HtmlDocument htmlDoc = new HtmlWeb().Load("http://example.com/");
// Thread.Sleep(5000); // wait some time
HtmlNodeCollection ProductListPage = htmlDoc.DocumentNode.SelectNodes("//div[@class='productContain padb6']//div[@class='large-4 medium-4 columns']/a");
foreach (HtmlNode src in ProductListPage)
{
htmlDoc = new HtmlWeb().Load(src.Attributes["href"].Value);
// Thread.Sleep(5000); // wait some time
HtmlNodeCollection LinkTester = htmlDoc.DocumentNode.SelectNodes("//div[@class='row padt6 padb4']//a");
if (LinkTester != null)
{
foreach (var dllink in LinkTester)
{
string LinkURL = dllink.Attributes["href"].Value;
Console.WriteLine(LinkURL);
string ExtractFilename = LinkURL.Substring(LinkURL.LastIndexOf("/"));
var DLClient = new WebClient();
// Thread.Sleep(5000); // wait some time
DLClient.DownloadFileAsync(new Uri(LinkURL), @"C:\temp\" + ExtractFilename);
}
}
}
我的下一个过程是重命名下载的文件:
My next process is to rename downloaded files:
var files = Directory.GetFiles(@"C:\temp\", "*.pdf");
// string prefix = "SomePrefix";
foreach (var file in files)
{
string newFileName = Path.Combine(Path.GetDirectoryName(file), file.Replace("-", " "));
File.Move(file, newFileName);
}
重命名可以顺利进行,直到最后一个文件没有完全下载,这就是我遇到错误的地方.
Renaming goes smooth until last file that is not completely downloaded and that's where I am getting an error.
我添加了 Thread.Sleep(5000);//在这两者之间等待一段时间
,但这可能不是最好的解决方案,因为当前的等待时间还不够,而且可以根据互联网的连接而改变?

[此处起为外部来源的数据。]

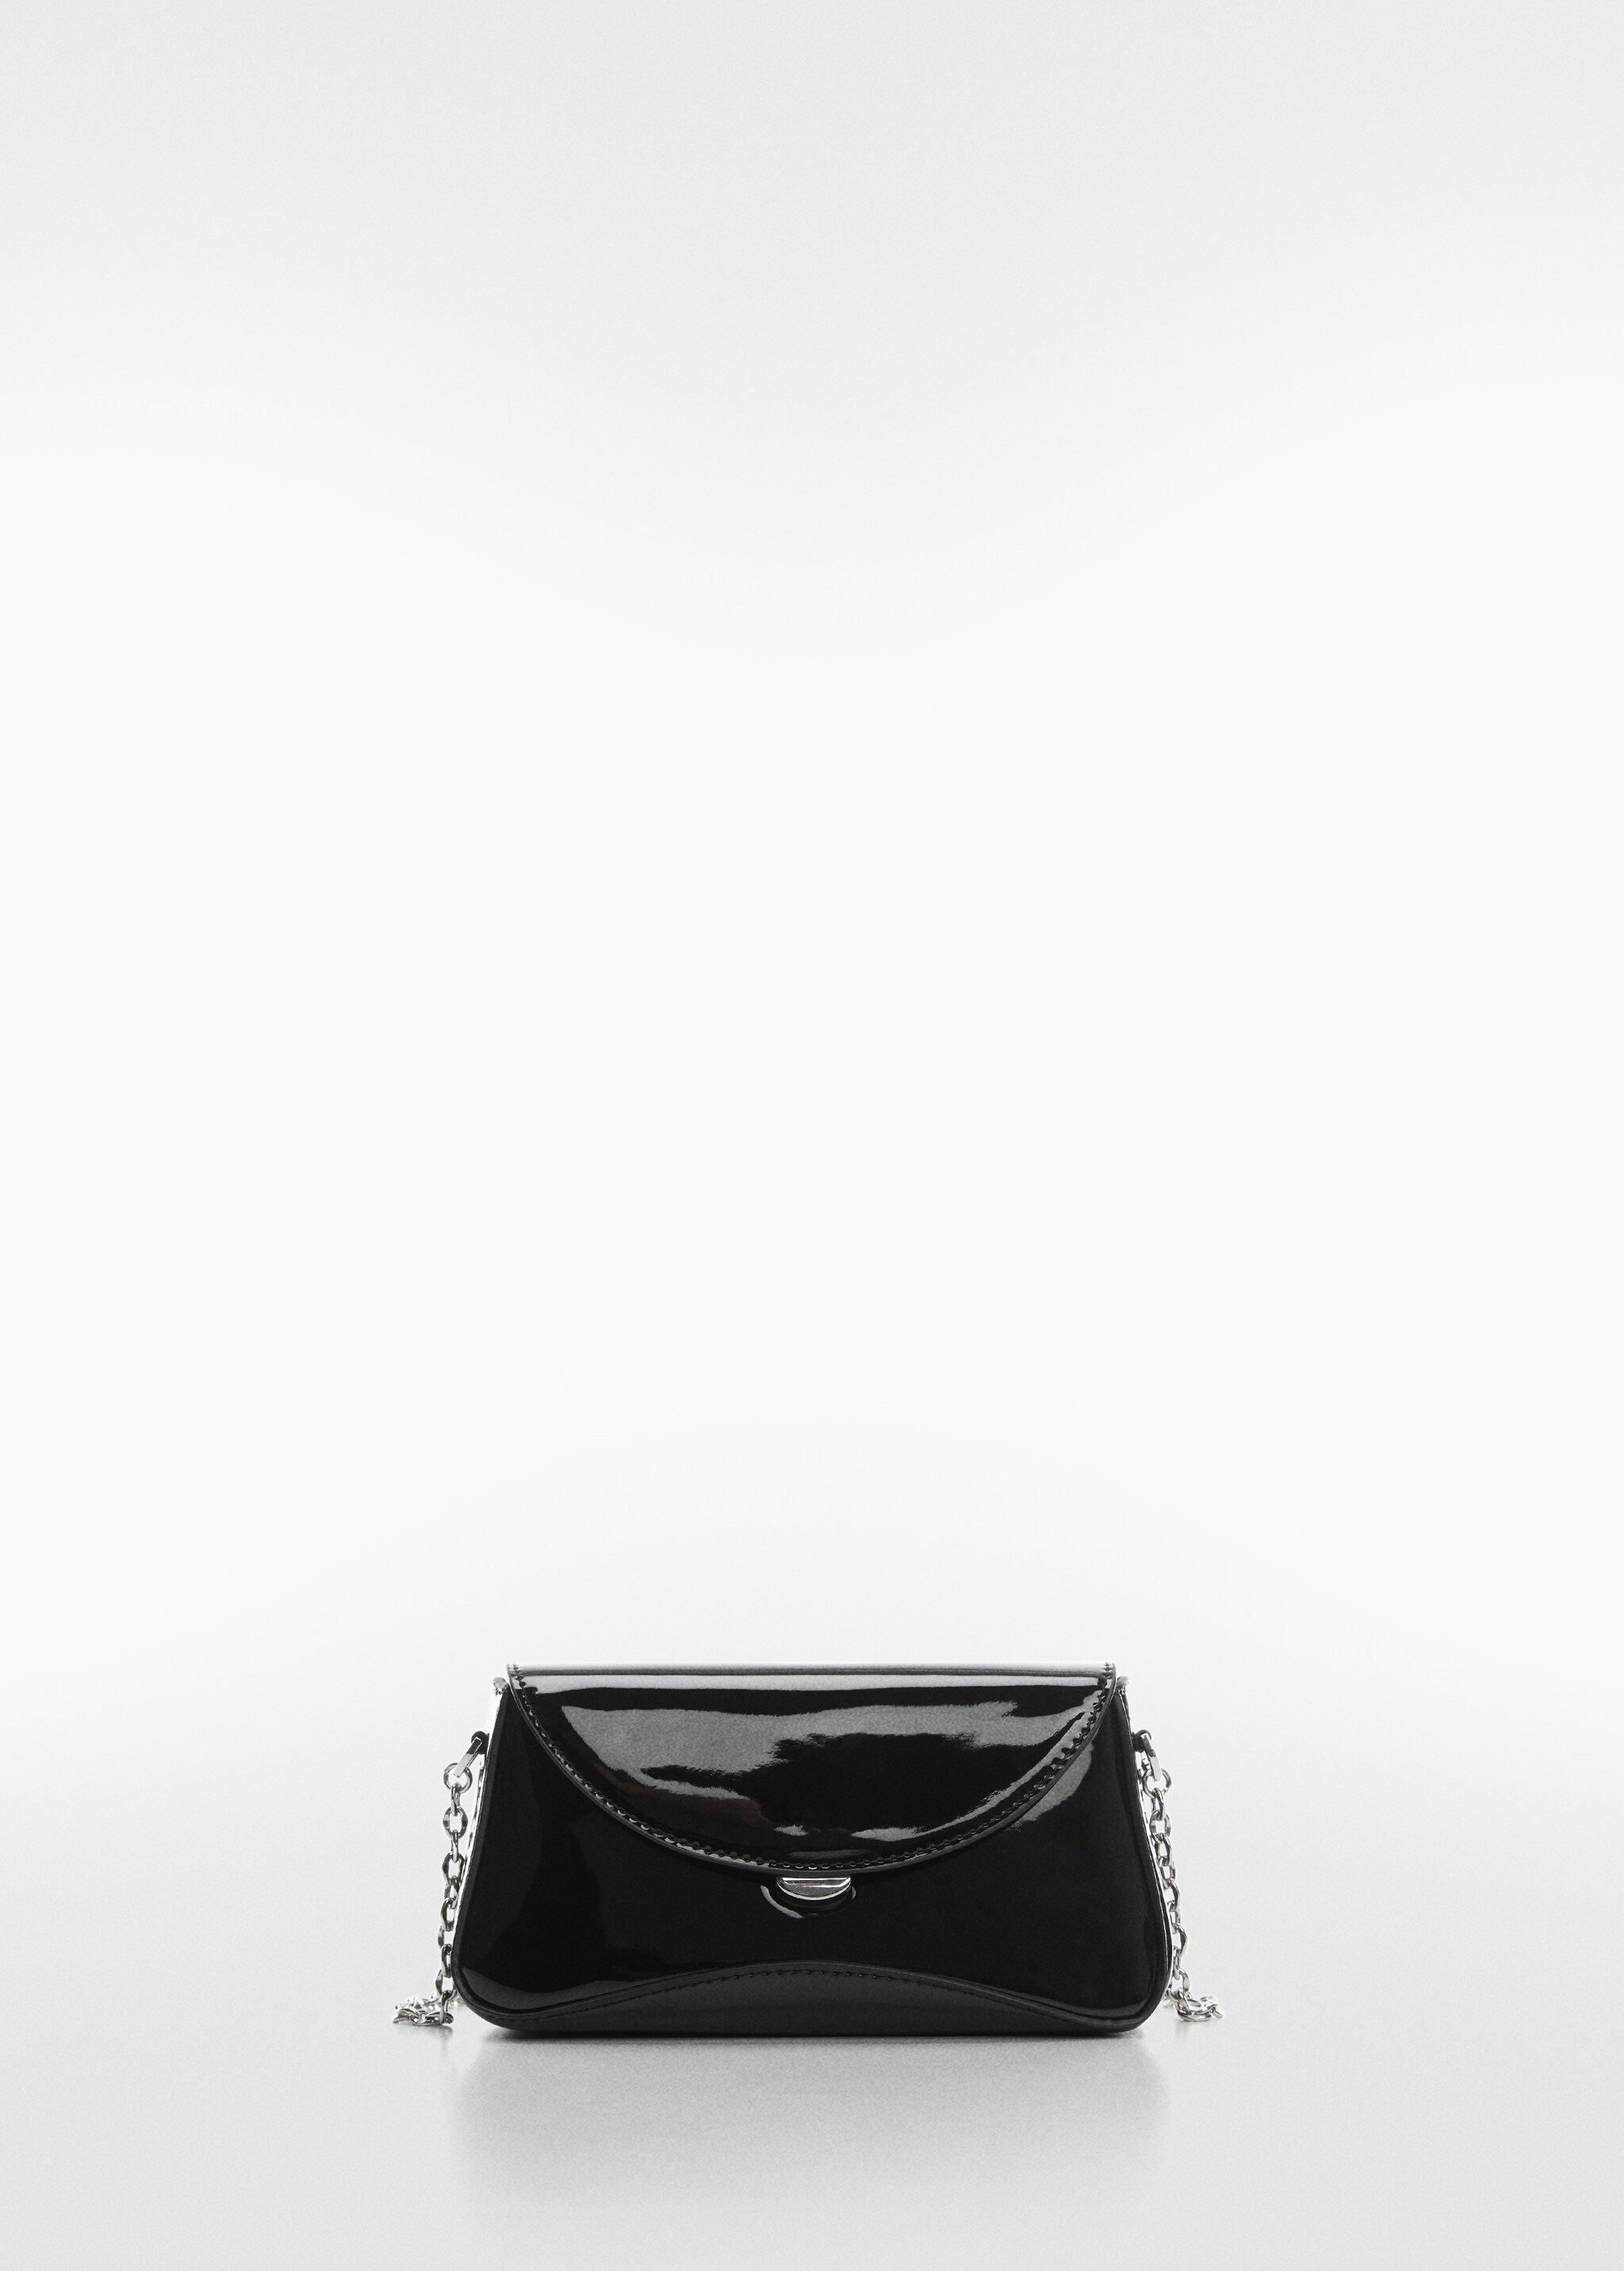 Patent leather chain handbag - Article without model

I have added Thread.Sleep(5000); // wait some time
between these two, but that's maybe not the best solution as current waiting time is not enough and it can change according to internet connection?
这是完整的代码:
using System;
using System.Net;
using HtmlAgilityPack;
using System.IO;
using System.Threading;
namespace Crawler
{
class Program
{
static void Main(string[] args)
{
{
HtmlDocument htmlDoc = new HtmlWeb().Load("http://example.com");
// Thread.Sleep(5000); // wait some time
HtmlNodeCollection ProductListPage = htmlDoc.DocumentNode.SelectNodes("//div[@class='productContain padb6']//div[@class='large-4 medium-4 columns']/a");
foreach (HtmlNode src in ProductListPage)
{
htmlDoc = new HtmlWeb().Load(src.Attributes["href"].Value);
// Thread.Sleep(5000); // wait some time
HtmlNodeCollection LinkTester = htmlDoc.DocumentNode.SelectNodes("//div[@class='row padt6 padb4']//a");
if (LinkTester != null)
{
foreach (var dllink in LinkTester)
{
string LinkURL = dllink.Attributes["href"].Value;
Console.WriteLine(LinkURL);
string ExtractFilename = LinkURL.Substring(LinkURL.LastIndexOf("/"));
var DLClient = new WebClient();
// Thread.Sleep(5000); // wait some time
DLClient.DownloadFileAsync(new Uri(LinkURL), @"C:\temp\" + ExtractFilename);
}
}
}
}
Thread.Sleep(5000); // wait some time
var files = Directory.GetFiles(@"C:\temp\", "*.pdf");
// string prefix = "SomePrefix";
foreach (var file in files)
{
string newFileName = Path.Combine(Path.GetDirectoryName(file), file.Replace("-", " "));
File.Move(file, newFileName);
}
}
}
}
推荐答案
您当然不希望使用 WebClient.DownloadFileAsync
,但要使用其较新的继任者 WebClient.DownloadFileTaskAsync
.这样使用:
You most certainly do not want to use WebClient.DownloadFileAsync
but its newer successor WebClient.DownloadFileTaskAsync
. This would be used like this:
await DLClient.DownloadFileTaskAsync(new Uri(LinkURL), @"C:\temp\" + ExtractFilename);
这是一个 async
进程,因此您的调用方法也必须是 async
.通过 await
(等待)来确保您的程序仅在下载完成(或失败)之后才继续.
This is an async
process, so your calling method will need to be async
as well. By await
ing it, you make sure that your program continues only after the download is complete (or has failed).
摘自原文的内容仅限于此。